解开图像统计和人类感知之间的联系 (Disentangling the Link Between Image Statistics and Human Perception)

In the 1950s Horace Barlow and Fred Attneave suggested a connection between sensory systems and how they are adapted to the environment: early vision evolved to maximise the information it conveys about incoming signals. Following Shannon's definition, this information was described using the probability of the images taken from natural scenes. Previously, direct accurate predictions of image probabilities were not possible due to computational limitations. Despite the exploration of this idea being indirect, mainly based on oversimplified models of the image density or on system design methods, these methods had success in reproducing a wide range of physiological and psychophysical phenomena. In this paper, we directly evaluate the probability of natural images and analyse how it may determine perceptual sensitivity. We employ image quality metrics that correlate well with human opinion as a surrogate of human vision, and an advanced generative model to directly estimate the probability. Specifically, we analyse how the sensitivity of full-reference image quality metrics can be predicted from quantities derived directly from the probability distribution of natural images. First, we compute the mutual information between a wide range of probability surrogates and the sensitivity of the metrics and find that the most influential factor is the probability of the noisy image. Then we explore how these probability surrogates can be combined using a simple model to predict the metric sensitivity, giving an upper bound for the correlation of 0.85 between the model predictions and the actual perceptual sensitivity.

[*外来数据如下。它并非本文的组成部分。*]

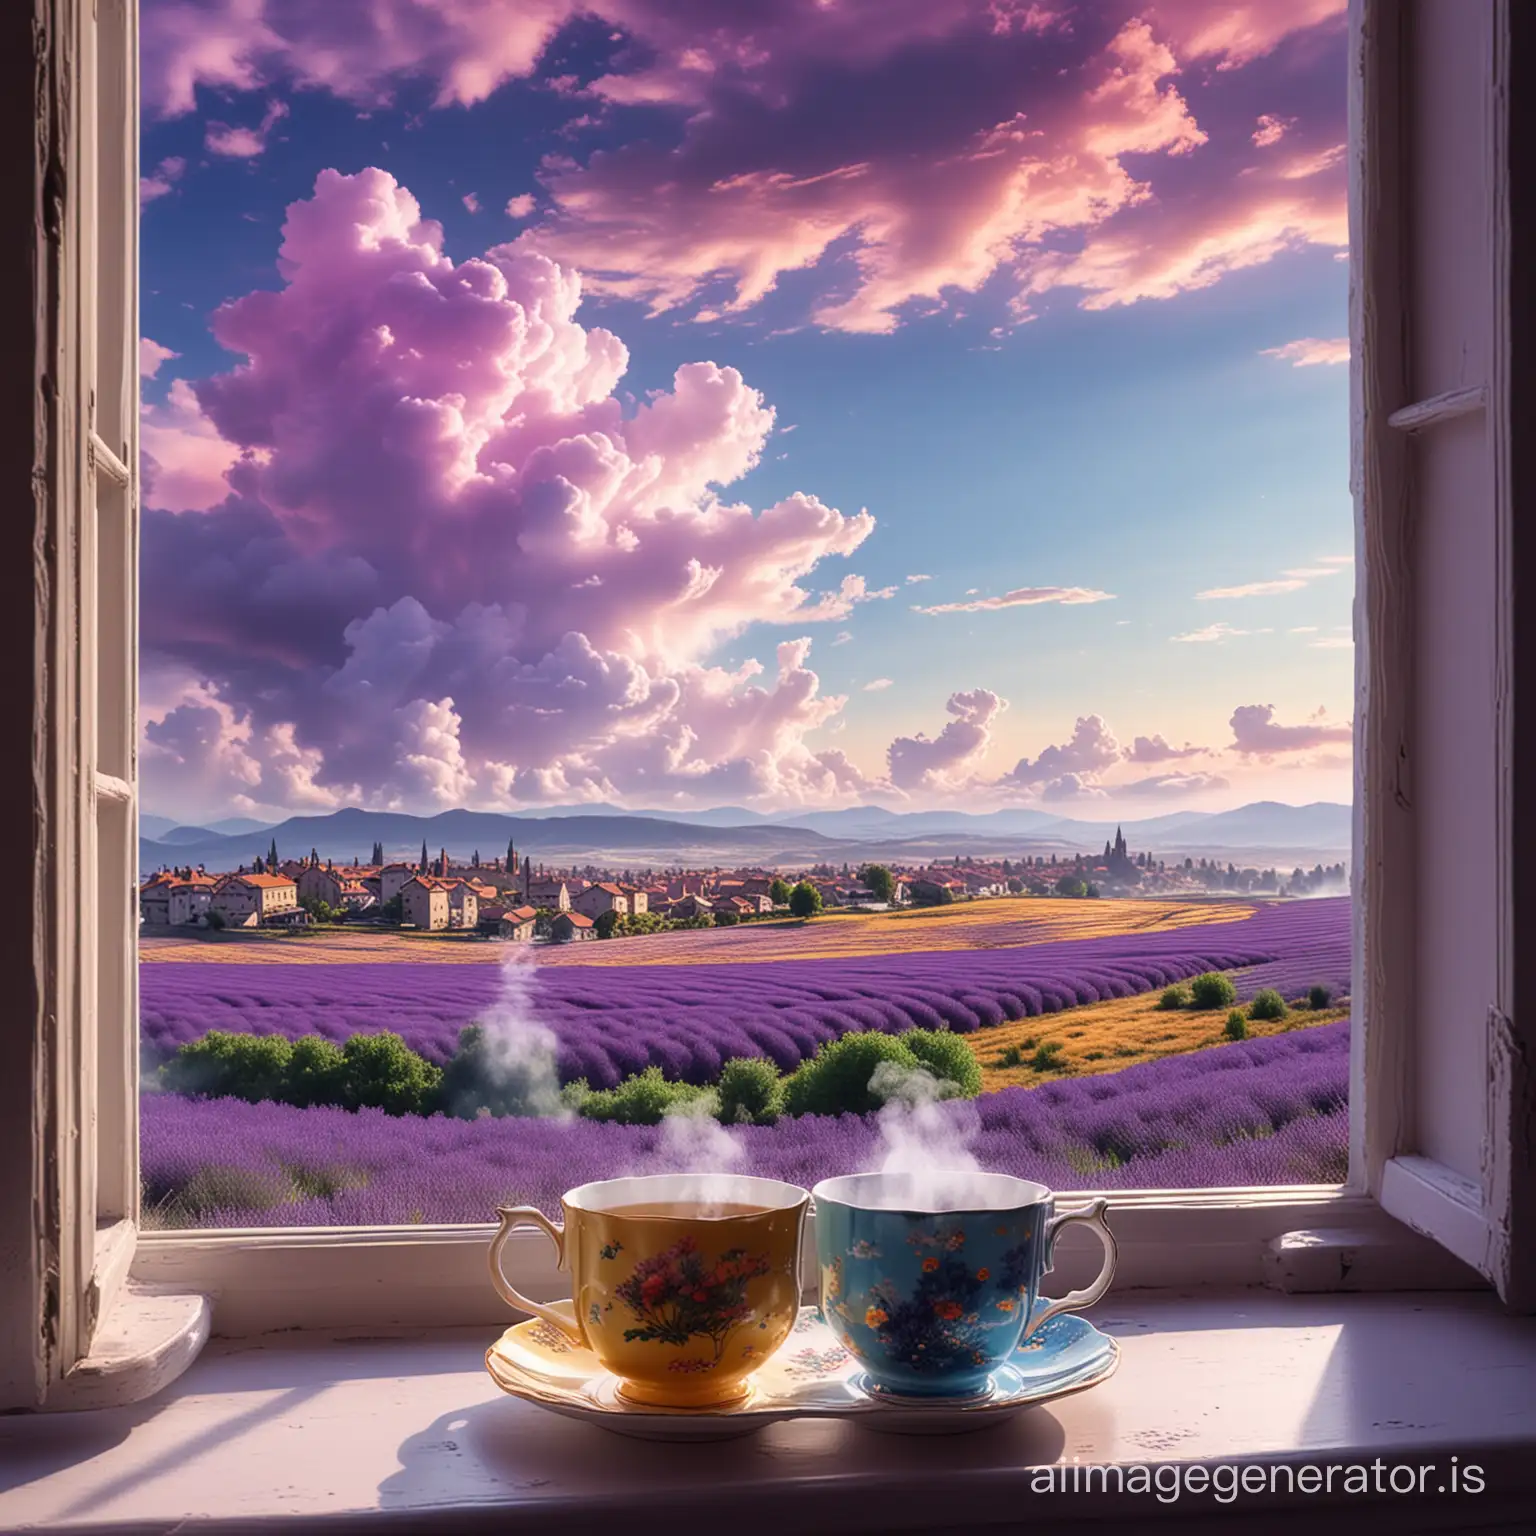 Psychedelic fantasy style, on the windowsill of an open window stands an exquisite tea cup, from which comes steam, moving away from the cup, the steam becomes multicolored, turning into huge lavender colored clouds, looming over the fields and cities

Finally, we explore how to combine the probability surrogates using simple expressions, and obtain two functional forms (using one or two surrogates) that can be used to predict the sensitivity of the human visual system given a particular pair of images.

翻译：在20世纪50年代，霍勒斯·巴洛和弗雷德·阿特尼夫提出了感觉系统与它们如何适应环境之间的联系：早期视觉进化成了最大化其对传入信号所传达的信息。根据香农的定义，这些信息使用自然场景中图像的概率来描述。由于计算的局限性，以前不能直接准确地预测图像概率。尽管这个想法的探索是间接的，主要基于图像密度的过度简化模型或系统设计方法，但这些方法在重现广泛的生理和心理物理现象方面取得了成功。在本文中，我们直接评估自然图像的概率，并分析它如何决定感知灵敏度。我们采用与人类意见高度相关的图像质量度量作为人类视觉的替代，以及先进的生成模型来直接估计概率。具体而言，我们分析由自然图像的概率分布直接导出的量如何可以预测感度。首先，我们计算一系列概率代理（probabilistic surrogates）与度量灵敏度的相关性的互信息，并发现最有影响力的因素是噪声图像的概率。然后，我们探索如何使用简单模型结合这些概率代理来预测度量灵敏度，给出模型预测与实际感知灵敏度之间最大相关性为0.85的上限。最后，我们探讨如何使用简单的表达式来组合概率代理，并获得两个功能形式（使用一个或两个代理），可以用于给定一对图像时预测人类视觉系统的感度。